I love the idea of a predator doing anything and everything to survive.


Quote from: The Alien Predator on Nov 20, 2017, 01:23:19 AM
I have read up to Storm Blood.

I have been enjoying these very much and am delighted to see the Yautja occasionally speak in their language. Is this something that can be translated? I never read the older books that had their language in them (but I did buy the AvP novel reprint, I haven't gotten to reading it yet.)

I did like that in Rematch, they referenced the Xenomorphs when Nakande mentioned hunting "Kiande Amedha" (Hard-Meat). I also like the use of the term "ooman" across multiple stories, very good.  :laugh:

One thing stood out to me though, and this is more of a continuity thing but I think I figured out a good reason behind it.

In the Rage War, it is mentioned that humans call them "Yautja" and those books have no connection to the ones done by Steve Perry where the Predators called themselves Yautja. Lebbon's Predators reacted either confused or amused when called that.

Yet in the Anthology, we got Lebbon's Predators who call themselves something else but it's translated as "Yautja", and we got Predators who call themselves verbally as "Ya-OOT-ja". (By the way, well done to the author for using the correct way to pronounce it. The "pronunciation" on the wiki always made me die a little on the inside.)

As was said in Rage War, the Yautja are not a unified race and there's not much contact with clans. They have different languages and dialects, like us. My theory is that we got "Yautja" from one of the clans and lumped them all under that name. Kalakta, Hashori and Yaquita's clans may have spoken a completely different language from the 'Yautja' clans, so they probably have never heard of the name.

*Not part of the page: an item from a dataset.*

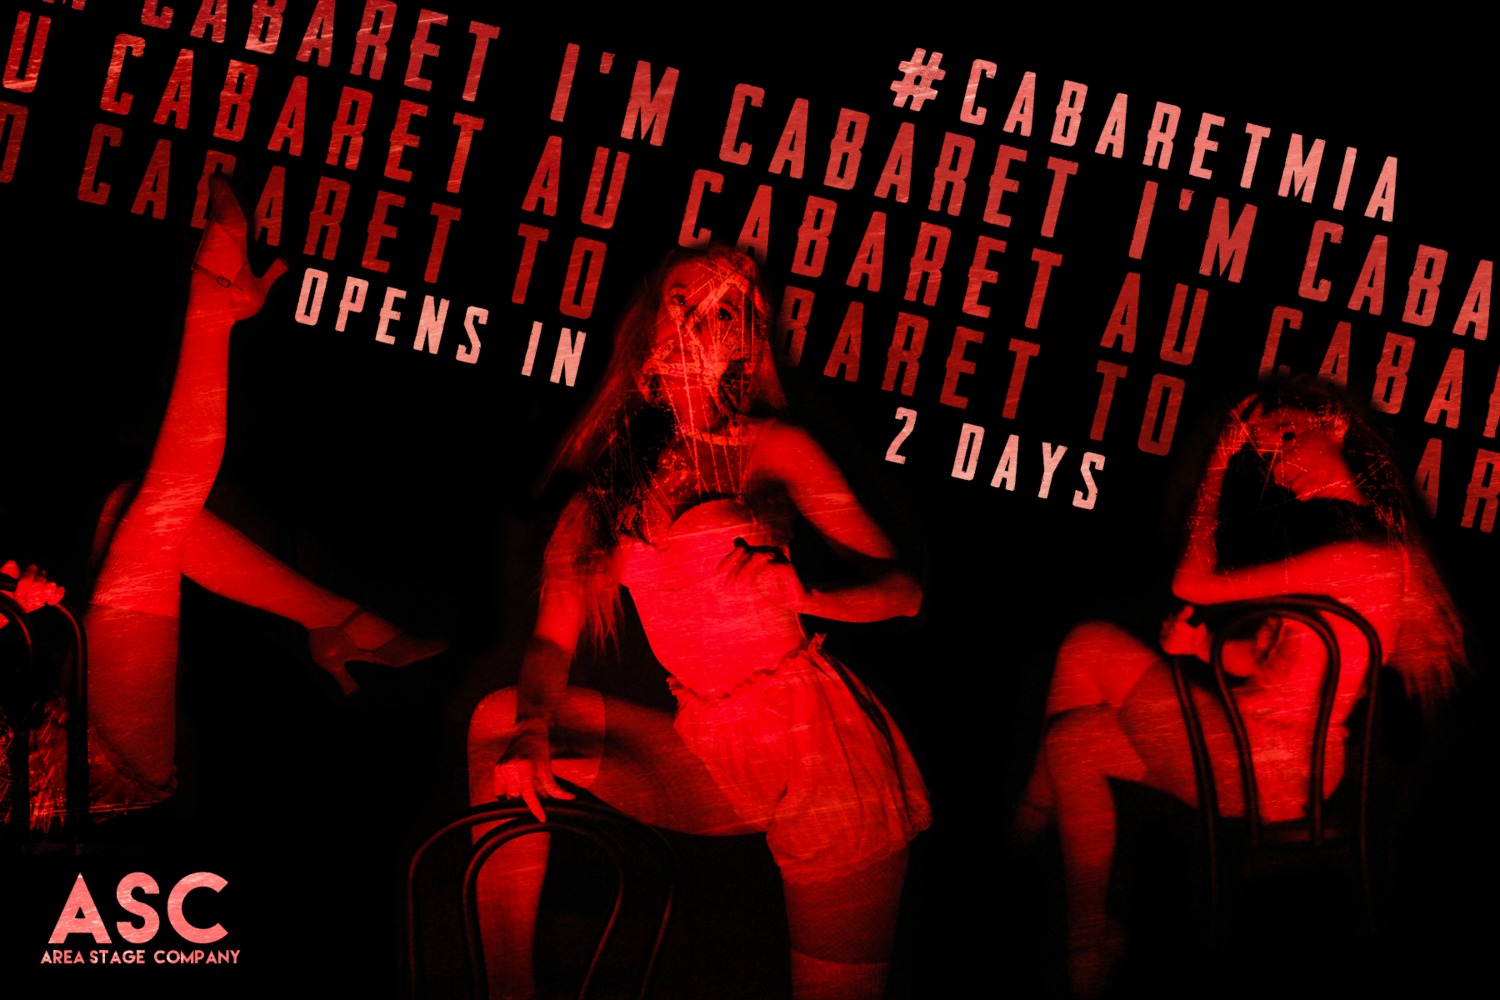 Just two more days until life is a Cabaret! 1

Just look at how diverse we are when it comes to the name of our own species. I really like that the authors are treating the Predator species as individuals, and not some hive mind. This is why I welcome the diversity in these stories.
Very interesting observation! It does seem that the name Yautja was something that the predators call themselves in the expanded universe(minus forever midnight in which they called themselves hish-qu-ten). However in the rage war trilogy it seems that the name yautja was something humans called the predators.  I wouldn't be surprised if different 'races' of predators call themselves different names. It's always fun to speculate. I might have to disagree a little with how unified the predators are in the rage wars. While they are nomadic and have little contact with other clans I do believe they are unified under Kalakta. He spoke for all yautja civilization. They followed his orders. The ceasefire and then the order to withhold info about the Drukathi from humans.  They also followed him into battle on the Macbeth. Anyhoo it's fun to speculate and this is only my opinion and everyone is entitled to their own beliefs! Heyyyy Does anyone else think that Kalakta is the Elder from P2??

Corporal Hicks

Quote from: GreybackElder on Nov 22, 2017, 09:41:40 PM
That's also done in Sandy Scofields " Big Game." ' they reached Mathews body. He had been riddled pointblank by an M-16...killed by Chaney's gun. The creature had done that on purpose, toying with them, letting them know that it knew that they nearby.'pg: 155.

Yeah, that was something I really enjoyed in Big Game. I do think I'm going to have to go back and punish myself by re-reading DotS, though. I only read it once and that was in spits and spats because I couldn't really get into it at the time.